SET SCHEMA '"Discovery"';

 

CREATE OR REPLACE FOREIGN TABLE discovery_table (

 "d_name" VARCHAR(1024), -- recommended name for a column

 "d_path" VARCHAR(1024), -- recommended "PATH" to extract the column

 "d_type" VARCHAR(1024), -- recommended data type for the column

 "d_precision" INTEGER,  -- recommended precision for the column

 "d_scale" INTEGER,      -- recommended scale for the column

 "d_nullable" BOOLEAN,   -- is the column nullable ?

 "d_sample" VARCHAR(4096), -- a sample value for the recommended column

 "d_properties" VARCHAR(4096) -- any column-specific options for the column

                              -- options are space-separated

)

SERVER "FileReaderServer"

OPTIONS

(

 DIRECTORY '/home/sqlstream/',

 FILENAME_PATTERN 'y\.txt',

 DISCOVERY_TIMEOUT '1000',

 MAX_EXAMPLE_BYTES '1024',

 PARSER 'DISCOVERY'

);

 

Once you have created this foreign table, you run a simple SELECT query against the table to invoke the Discovery parser.

SELECT * FROM discovery_table;

 

The query inspects data from /data/samples/discovery1.log to discover data formats among CSV, JSON and XML. If the discovery process fails to discover one of these data formats, then it returns 'UNKNOWN' as the recommended "PARSER" option.

Results of the query return one row for each "recommended" column for the actual foreign stream to be created.
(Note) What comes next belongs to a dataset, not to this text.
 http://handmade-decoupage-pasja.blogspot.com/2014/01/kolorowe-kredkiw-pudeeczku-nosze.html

A brief description of each column is in in-line comments.

Last row includes options that are not specific to any recommended columns in "d_properties" column.
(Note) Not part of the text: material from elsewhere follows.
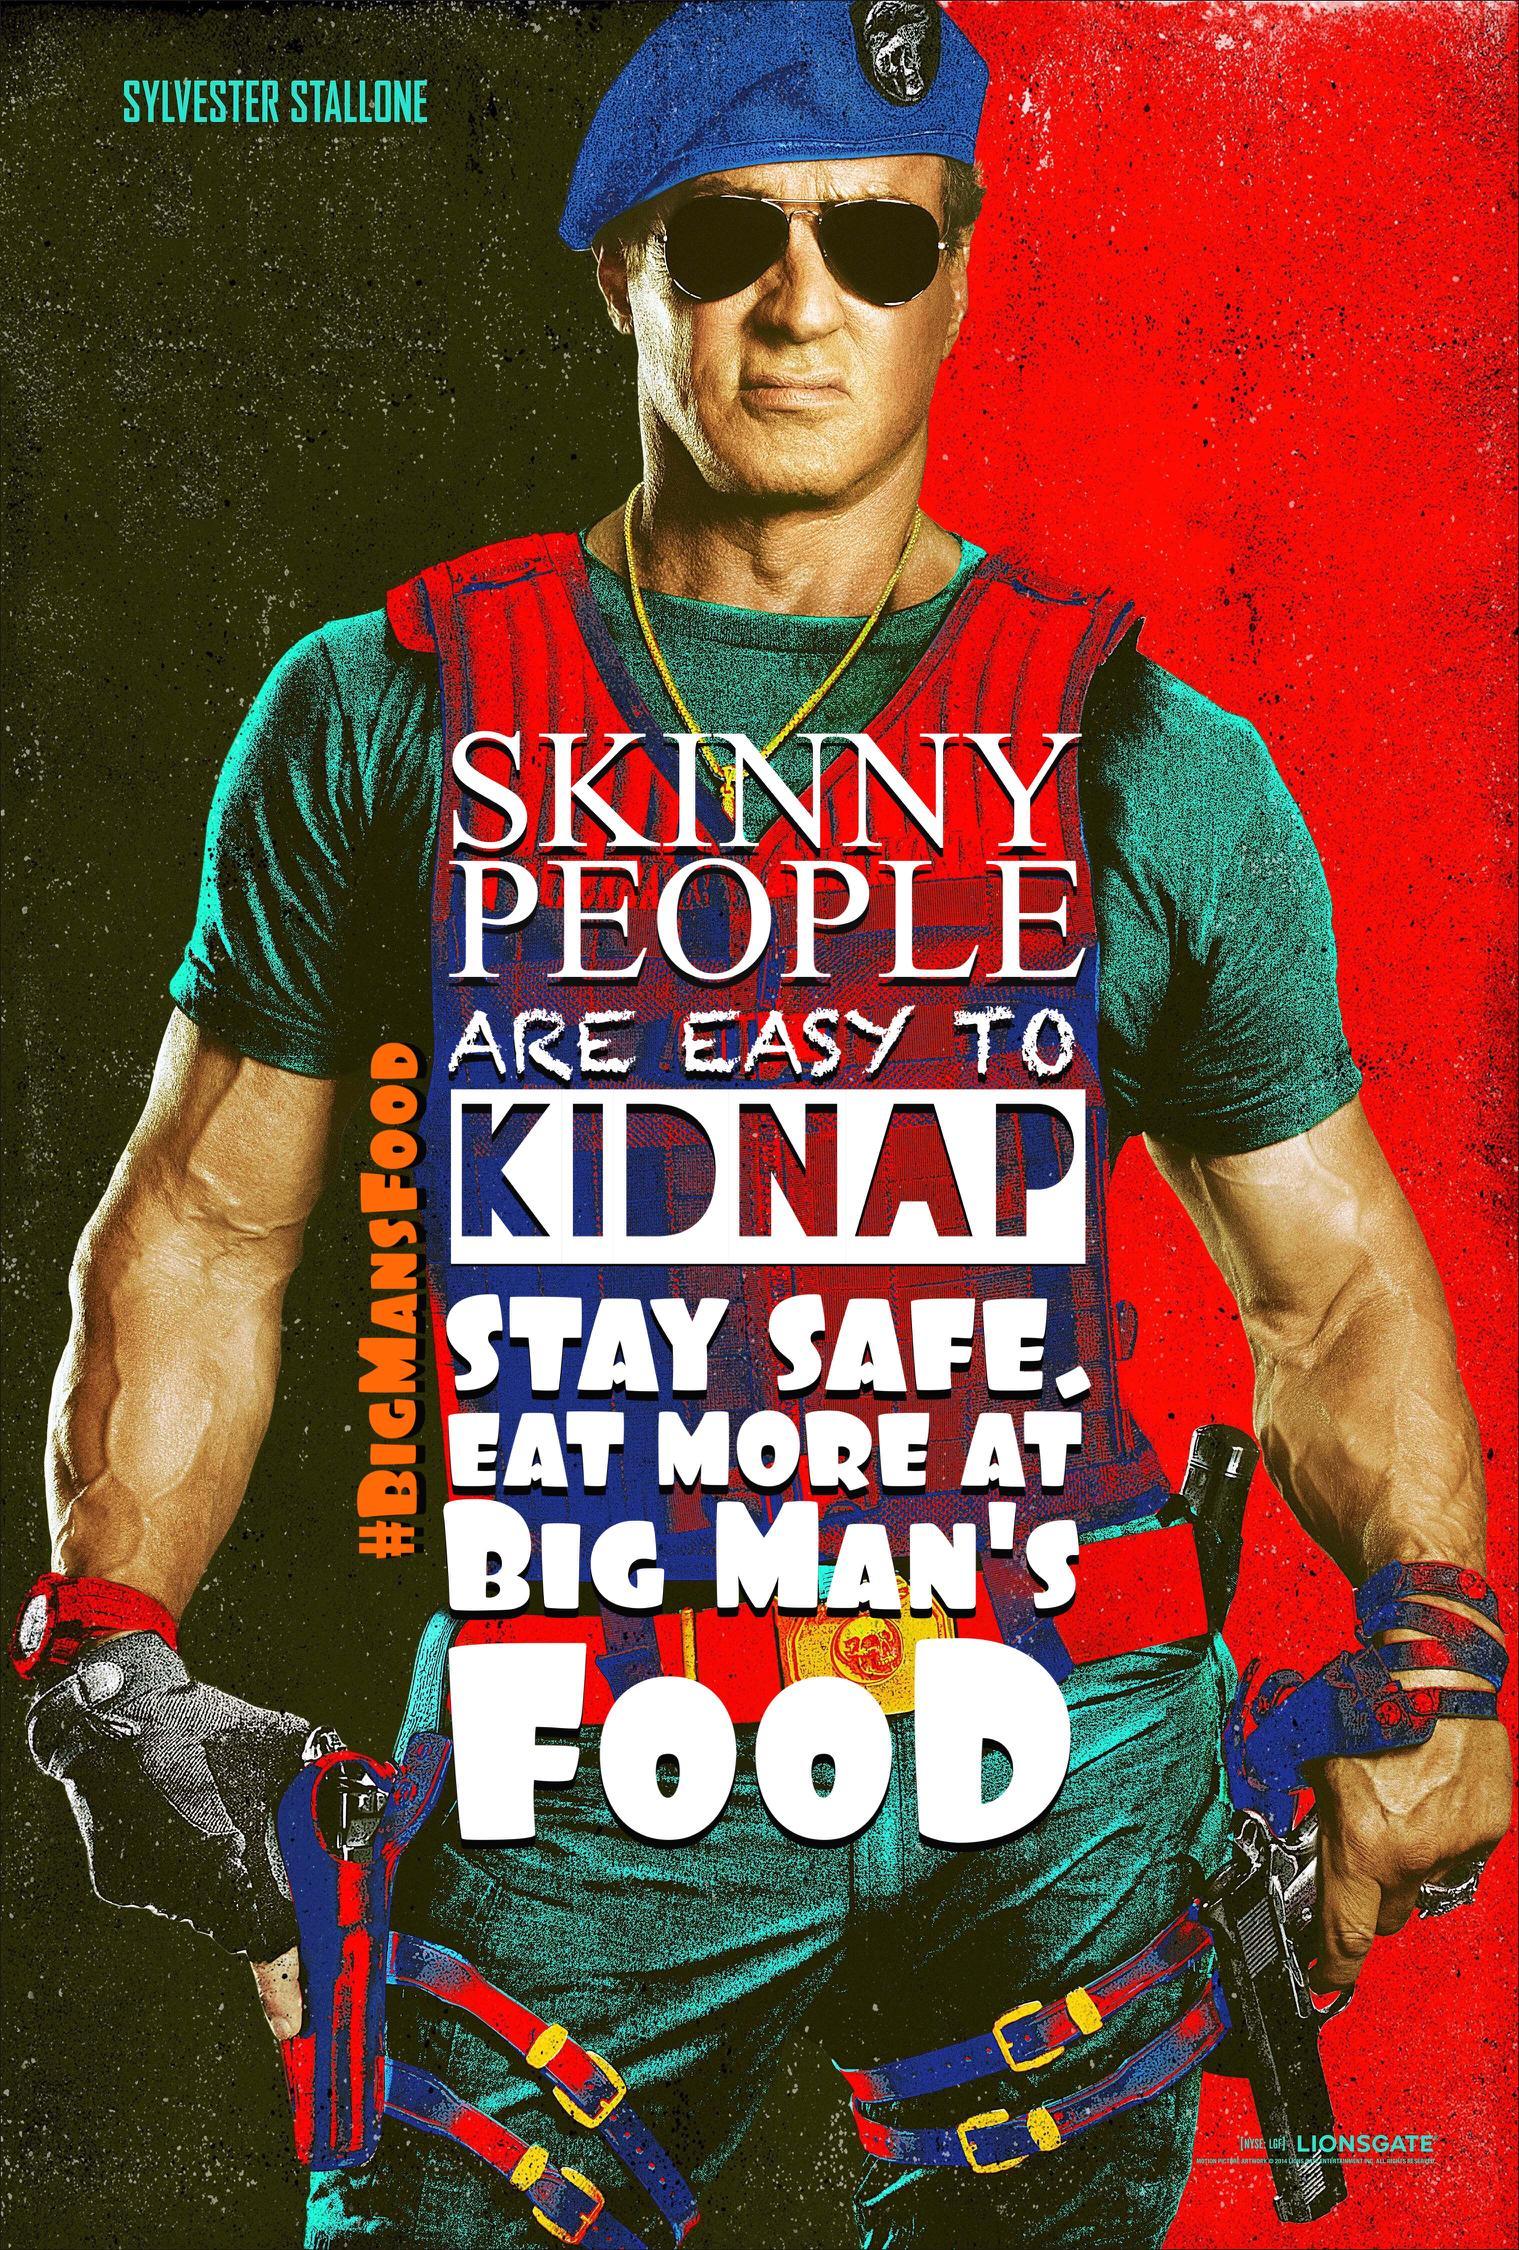 #BigMansFood

An example result of a simple SELECT query:

SELECT * FROM discovery_table;

'd_name','d_path','d_type','d_precision','d_scale','d_nullable','d_sample','d_properties'

'Field1','$.Field1','SMALLINT','4','0','false','1231','Field1_PATH=$.Field1'

'Field2','$.Field2','TIMESTAMP','0','0','false','2016-01-01 23:11:23.653','Field2_DATE_FORMAT=yyyy-MM-dd HH:mm:ss

Field2_PATH=$.Field2'

'Field4','$.Field3.Field4','SMALLINT','4','0','false','1233','Field4_PATH=$.Field3.Field4'

'Field5','$.Field3.Field5','SMALLINT','4','0','false','1234','Field5_PATH=$.Field3.Field5'

'Array1','$.Array1[0:]','VARCHAR(1024)','0','0','false','[]','Array1_PATH=$.Array1[0:]'

'Field8','$.Array2[0:].Field8','SMALLINT','5','0','false','12313','Field8_PATH=$.Array2[0:].Field8'

'Field9','$.Array2[0:].Field9','SMALLINT','5','0','false','12314','Field9_PATH=$.Array2[0:].Field9'

'Array3','$.Array2[0:].Array3[0:]','VARCHAR(1024)','0','0','false','[]','Array3_PATH=$.Array2[0:].Array3[0:]'

'Field11','$.Field11','SMALLINT','5','0','false','12321','Field11_PATH=$.Field11'

'Array4','$.Field12.Array4[0:]','VARCHAR(32)','0','0','true','[12322,12323,12324]','Array4_PATH=$.Field12.Array4[0:]'

'Field13','$.Field12.Field13','SMALLINT','5','0','false','12325','Field13_PATH=$.Field12.Field13'

'Field14','$.Field14','DECIMAL','8','4','false','1238.9824','Field14_PATH=$.Field14'

'','$','','','','','','PARSER=JSON

Field8_PATH=$.Array2[0:].Field8

Field5_PATH=$.Field3.Field5

Field2_PATH=$.Field2

Field9_PATH=$.Array2[0:].Field9

ROW_PATH=$

CHARACTER_ENCODING=UTF-8

Array3_PATH=$.Array2[0:].Array3[0:]

Field13_PATH=$.Field12.Field13

Array4_PATH=$.Field12.Array4[0:]

Field4_PATH=$.Field3.Field4

Field14_PATH=$.Field14

Field2_DATE_FORMAT=yyyy-MM-dd HH:mm:ss

Array1_PATH=$.Array1[0:]

Field1_PATH=$.Field1

Field11_PATH=$.Field11'

13 rows selected (0.172 seconds)

 

The second to last row contains various options for the foreign stream for the recommended PARSER, which in this case is 'JSON'. Options like CHARACTER_ENCODING, and ROW_PATH are required for this parser.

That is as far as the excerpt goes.